Stored entries

◆ ◆ ◆ ◆ ◆ ◆ ◆

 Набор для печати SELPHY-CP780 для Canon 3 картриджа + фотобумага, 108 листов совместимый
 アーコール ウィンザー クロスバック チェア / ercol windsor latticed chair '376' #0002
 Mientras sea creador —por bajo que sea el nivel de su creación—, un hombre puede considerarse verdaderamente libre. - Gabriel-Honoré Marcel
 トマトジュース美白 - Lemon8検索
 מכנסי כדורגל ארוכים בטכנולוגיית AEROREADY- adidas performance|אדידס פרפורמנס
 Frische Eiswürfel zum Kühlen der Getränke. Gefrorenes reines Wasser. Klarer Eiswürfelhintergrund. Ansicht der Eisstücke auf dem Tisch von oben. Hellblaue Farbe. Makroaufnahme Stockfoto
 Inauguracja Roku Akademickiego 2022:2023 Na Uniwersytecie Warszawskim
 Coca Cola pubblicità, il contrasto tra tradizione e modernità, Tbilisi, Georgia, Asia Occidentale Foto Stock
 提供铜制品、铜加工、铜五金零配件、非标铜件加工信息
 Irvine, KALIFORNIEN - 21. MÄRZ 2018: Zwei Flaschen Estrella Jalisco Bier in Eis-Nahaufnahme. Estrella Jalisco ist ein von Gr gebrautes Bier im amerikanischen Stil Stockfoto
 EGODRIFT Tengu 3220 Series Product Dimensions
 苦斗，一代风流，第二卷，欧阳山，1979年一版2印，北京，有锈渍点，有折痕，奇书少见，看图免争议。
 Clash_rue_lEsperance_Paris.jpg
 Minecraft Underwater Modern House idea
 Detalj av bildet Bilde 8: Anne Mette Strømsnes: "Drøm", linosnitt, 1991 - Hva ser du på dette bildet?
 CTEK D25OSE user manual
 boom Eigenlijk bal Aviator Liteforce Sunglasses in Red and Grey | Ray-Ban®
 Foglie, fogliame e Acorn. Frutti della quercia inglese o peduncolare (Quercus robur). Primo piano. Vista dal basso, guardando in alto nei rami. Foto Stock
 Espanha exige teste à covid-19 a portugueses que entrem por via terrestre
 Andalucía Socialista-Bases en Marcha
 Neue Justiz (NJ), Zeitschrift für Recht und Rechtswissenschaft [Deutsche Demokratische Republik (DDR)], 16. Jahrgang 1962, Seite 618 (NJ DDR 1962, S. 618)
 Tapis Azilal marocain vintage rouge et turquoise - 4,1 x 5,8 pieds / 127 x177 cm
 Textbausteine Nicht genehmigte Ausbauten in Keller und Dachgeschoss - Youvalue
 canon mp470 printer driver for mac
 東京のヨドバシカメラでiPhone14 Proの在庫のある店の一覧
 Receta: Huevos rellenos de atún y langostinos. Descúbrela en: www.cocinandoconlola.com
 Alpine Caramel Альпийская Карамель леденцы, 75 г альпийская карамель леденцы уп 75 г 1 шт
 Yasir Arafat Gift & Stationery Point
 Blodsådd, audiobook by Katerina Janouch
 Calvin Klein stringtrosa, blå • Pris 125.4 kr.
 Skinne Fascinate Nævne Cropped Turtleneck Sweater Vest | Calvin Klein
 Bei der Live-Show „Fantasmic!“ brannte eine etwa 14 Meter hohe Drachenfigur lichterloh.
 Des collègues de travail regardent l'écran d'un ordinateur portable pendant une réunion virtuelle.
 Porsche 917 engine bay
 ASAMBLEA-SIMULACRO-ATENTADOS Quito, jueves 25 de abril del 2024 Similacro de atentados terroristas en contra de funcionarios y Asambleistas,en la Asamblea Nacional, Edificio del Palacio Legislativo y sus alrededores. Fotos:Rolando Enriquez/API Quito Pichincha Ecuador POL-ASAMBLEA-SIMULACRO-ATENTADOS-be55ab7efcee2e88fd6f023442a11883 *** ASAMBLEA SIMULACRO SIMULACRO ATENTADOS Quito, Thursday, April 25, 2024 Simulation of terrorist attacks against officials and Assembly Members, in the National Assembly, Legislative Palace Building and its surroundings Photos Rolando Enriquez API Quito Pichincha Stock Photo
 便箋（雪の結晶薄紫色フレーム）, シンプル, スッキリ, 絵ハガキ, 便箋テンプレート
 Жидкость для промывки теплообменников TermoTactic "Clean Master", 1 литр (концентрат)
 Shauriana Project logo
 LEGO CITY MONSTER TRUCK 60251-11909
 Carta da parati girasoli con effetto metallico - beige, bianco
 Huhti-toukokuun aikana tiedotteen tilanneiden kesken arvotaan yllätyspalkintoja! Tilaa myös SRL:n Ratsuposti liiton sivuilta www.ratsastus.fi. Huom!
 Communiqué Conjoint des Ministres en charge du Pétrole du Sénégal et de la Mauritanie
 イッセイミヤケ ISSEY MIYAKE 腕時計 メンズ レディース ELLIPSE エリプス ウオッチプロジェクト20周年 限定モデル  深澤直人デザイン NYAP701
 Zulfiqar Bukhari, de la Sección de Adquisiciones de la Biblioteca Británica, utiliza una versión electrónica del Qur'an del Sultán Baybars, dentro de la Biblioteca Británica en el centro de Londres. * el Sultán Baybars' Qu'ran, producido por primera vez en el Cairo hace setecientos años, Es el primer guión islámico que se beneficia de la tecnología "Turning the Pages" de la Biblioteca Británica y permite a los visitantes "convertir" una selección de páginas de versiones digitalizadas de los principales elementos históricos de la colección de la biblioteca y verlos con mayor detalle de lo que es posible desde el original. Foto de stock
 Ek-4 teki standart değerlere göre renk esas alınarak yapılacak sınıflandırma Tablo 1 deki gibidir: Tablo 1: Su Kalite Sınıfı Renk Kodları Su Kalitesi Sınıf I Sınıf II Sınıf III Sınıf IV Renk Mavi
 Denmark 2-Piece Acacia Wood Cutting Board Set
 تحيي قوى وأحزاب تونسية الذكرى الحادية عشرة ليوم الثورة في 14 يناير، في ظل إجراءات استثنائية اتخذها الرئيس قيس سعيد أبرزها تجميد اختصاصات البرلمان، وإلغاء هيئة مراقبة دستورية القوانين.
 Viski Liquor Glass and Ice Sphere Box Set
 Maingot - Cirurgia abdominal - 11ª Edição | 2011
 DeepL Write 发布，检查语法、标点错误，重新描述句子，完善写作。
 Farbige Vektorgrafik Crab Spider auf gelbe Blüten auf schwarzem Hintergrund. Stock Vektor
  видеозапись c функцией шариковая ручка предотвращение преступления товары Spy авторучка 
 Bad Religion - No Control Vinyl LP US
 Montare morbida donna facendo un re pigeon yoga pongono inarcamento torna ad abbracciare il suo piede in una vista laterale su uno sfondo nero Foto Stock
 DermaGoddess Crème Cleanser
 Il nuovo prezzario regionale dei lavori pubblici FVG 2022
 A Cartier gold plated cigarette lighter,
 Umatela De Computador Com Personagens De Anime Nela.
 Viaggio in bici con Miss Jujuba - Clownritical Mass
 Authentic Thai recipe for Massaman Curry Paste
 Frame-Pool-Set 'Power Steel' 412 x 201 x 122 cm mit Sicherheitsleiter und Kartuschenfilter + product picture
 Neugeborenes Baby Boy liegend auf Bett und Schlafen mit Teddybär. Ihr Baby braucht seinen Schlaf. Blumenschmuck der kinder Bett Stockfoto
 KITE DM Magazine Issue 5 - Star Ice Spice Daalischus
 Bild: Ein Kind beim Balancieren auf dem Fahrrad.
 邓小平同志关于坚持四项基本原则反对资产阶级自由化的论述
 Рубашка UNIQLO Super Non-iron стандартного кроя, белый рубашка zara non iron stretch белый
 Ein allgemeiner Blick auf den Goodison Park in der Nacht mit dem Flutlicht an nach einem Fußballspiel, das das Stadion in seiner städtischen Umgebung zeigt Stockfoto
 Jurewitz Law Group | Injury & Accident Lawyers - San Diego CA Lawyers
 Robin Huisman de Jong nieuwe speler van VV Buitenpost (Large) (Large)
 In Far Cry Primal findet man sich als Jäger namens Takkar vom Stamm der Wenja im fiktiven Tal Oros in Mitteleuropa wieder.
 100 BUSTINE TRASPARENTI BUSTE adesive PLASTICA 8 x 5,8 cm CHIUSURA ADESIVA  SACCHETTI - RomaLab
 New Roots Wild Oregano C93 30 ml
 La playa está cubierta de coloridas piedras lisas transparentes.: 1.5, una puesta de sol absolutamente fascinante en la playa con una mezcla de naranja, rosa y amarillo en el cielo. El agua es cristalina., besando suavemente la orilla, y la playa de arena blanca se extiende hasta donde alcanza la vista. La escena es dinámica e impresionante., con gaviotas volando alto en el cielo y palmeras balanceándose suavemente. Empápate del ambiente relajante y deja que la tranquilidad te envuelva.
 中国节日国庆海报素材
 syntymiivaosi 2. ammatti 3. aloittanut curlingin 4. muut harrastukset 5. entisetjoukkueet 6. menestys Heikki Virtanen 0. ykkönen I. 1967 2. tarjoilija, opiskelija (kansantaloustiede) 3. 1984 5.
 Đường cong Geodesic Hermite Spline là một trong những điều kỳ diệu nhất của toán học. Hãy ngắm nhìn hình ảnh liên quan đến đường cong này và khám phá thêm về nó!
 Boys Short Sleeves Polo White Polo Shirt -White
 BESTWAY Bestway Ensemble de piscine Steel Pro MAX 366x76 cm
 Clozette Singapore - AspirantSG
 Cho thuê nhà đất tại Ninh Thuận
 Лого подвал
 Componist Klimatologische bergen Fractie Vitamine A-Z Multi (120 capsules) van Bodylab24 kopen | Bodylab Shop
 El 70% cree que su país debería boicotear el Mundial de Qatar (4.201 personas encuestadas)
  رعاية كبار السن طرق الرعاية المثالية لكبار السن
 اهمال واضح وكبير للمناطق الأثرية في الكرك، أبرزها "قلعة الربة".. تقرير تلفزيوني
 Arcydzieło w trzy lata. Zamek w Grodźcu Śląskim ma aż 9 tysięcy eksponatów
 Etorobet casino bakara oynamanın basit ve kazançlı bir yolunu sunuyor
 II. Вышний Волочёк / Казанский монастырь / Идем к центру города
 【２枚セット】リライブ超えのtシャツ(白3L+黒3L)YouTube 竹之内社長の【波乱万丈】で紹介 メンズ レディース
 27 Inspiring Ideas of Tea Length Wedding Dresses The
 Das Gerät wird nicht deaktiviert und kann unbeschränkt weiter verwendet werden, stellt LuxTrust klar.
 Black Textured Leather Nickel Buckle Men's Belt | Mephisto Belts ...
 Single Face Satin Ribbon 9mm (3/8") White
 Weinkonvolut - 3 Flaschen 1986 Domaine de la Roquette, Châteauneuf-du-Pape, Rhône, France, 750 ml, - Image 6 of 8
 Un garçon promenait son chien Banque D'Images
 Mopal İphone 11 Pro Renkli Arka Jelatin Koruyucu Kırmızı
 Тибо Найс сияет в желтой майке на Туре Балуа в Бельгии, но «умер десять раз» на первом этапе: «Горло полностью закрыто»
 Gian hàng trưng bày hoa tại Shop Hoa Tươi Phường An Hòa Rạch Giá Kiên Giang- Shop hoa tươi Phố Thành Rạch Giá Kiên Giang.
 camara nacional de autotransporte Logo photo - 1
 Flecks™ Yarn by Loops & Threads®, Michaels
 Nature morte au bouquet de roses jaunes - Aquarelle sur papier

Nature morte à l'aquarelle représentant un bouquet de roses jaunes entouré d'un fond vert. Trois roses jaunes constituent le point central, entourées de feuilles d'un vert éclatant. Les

◆ ◆ ◆ ◆ ◆ ◆ ◆

(Assignment): Only those lines of the entries above that run from the line containing "Receta: Huevos rellenos" to the line containing "Calvin Klein stringtrosa, blå", both included, should be transcribed exactly.

(Response for this exercise):
 Receta: Huevos rellenos de atún y langostinos. Descúbrela en: www.cocinandoconlola.com
 Alpine Caramel Альпийская Карамель леденцы, 75 г альпийская карамель леденцы уп 75 г 1 шт
 Yasir Arafat Gift & Stationery Point
 Blodsådd, audiobook by Katerina Janouch
 Calvin Klein stringtrosa, blå • Pris 125.4 kr.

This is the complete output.